PCR, cloning and sequencing of 16S rRNA gene from a dissected midgut identified a single sequence type, indicating that a single symbiont genotype tends to dominate the gut microbiota in each of the Burkholderia-infected lygaeoid and coreoid stinkbugs. However, culturability of the Burkholderia symbiont enabled identification of hidden diversity of the symbiont genotypes coexisting in the same insects: infrequent colonies of different morphotypes on agar plates often represented different Burkholderia genotypes (Table 2). Such multiple infections seem to be a natural outcome of the environmental symbiont acquisition, which are also found in other systems such as legume–Rhizobium, coral–dinoflagellate and tubeworm–chemoautotroph mutualisms (Moawad and Schmidt, 1987; Rowan et al., 1997; Baker, 2003; Dubilier et al., 2008).
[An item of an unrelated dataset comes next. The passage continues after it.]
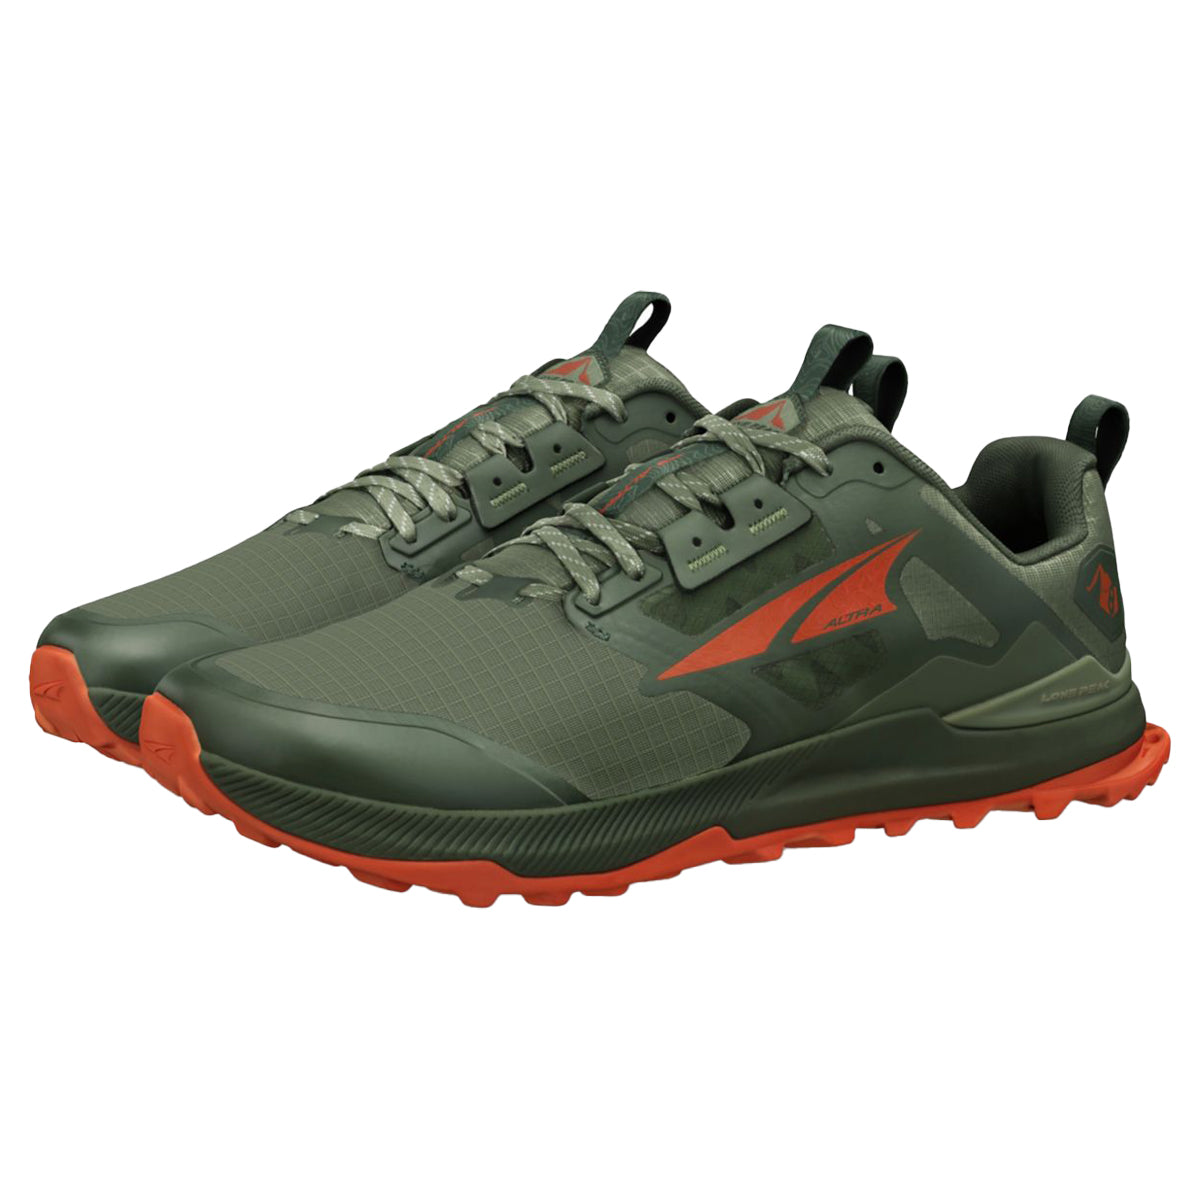 Altra Lone Peak 8 in Dusty Olive by GOHUNT | Altra - GOHUNT Shop

The consequences of hosting multiple symbionts have been a recurrent theme in the evolutionary biology of mutualism. Such multiple infections create a potential tragedy of the commons (Hardin, 1968), which can destabilize and collapse mutualism because within-host competitions tend to favor less beneficial, cheater genotypes (Bull, 1994; West et al., 2002). Hence, it is of interest why mutualisms can be maintained under the absence of vertical transmission and the frequent mixing of different symbiont genotypes. A possible mechanism is so-called ‘partner choice’, wherein the host recognizes benevolent symbiont genotypes and selectively establishes association with them. Another possible mechanism is so-called ‘sanctions’, wherein the host monitors the performance of different symbiont genotypes and punishes less beneficial ones (Maynard Smith and Szathmáry, 1995; Wilkinson and Sherratt, 2001; Kiers and Denison, 2008). In the soybean–Rhizobium association, an experimental support for host sanctions against less beneficial symbionts has been provided (Kiers et al., 2003). On the soybean root, a number of nodules are formed, each of which may represent a symbiont genotype. Such structured distribution of different symbiont genotypes enables effective operation of host sanctions. In this context, we point out that numerous crypts in the posterior midgut of stinkbugs are regarded as similar structural compartments. It is of interest whether different Burkholderia genotypes are separately harbored in different crypts, and whether the crypts harboring different symbiont genotypes tend to exhibit different levels of growth and development.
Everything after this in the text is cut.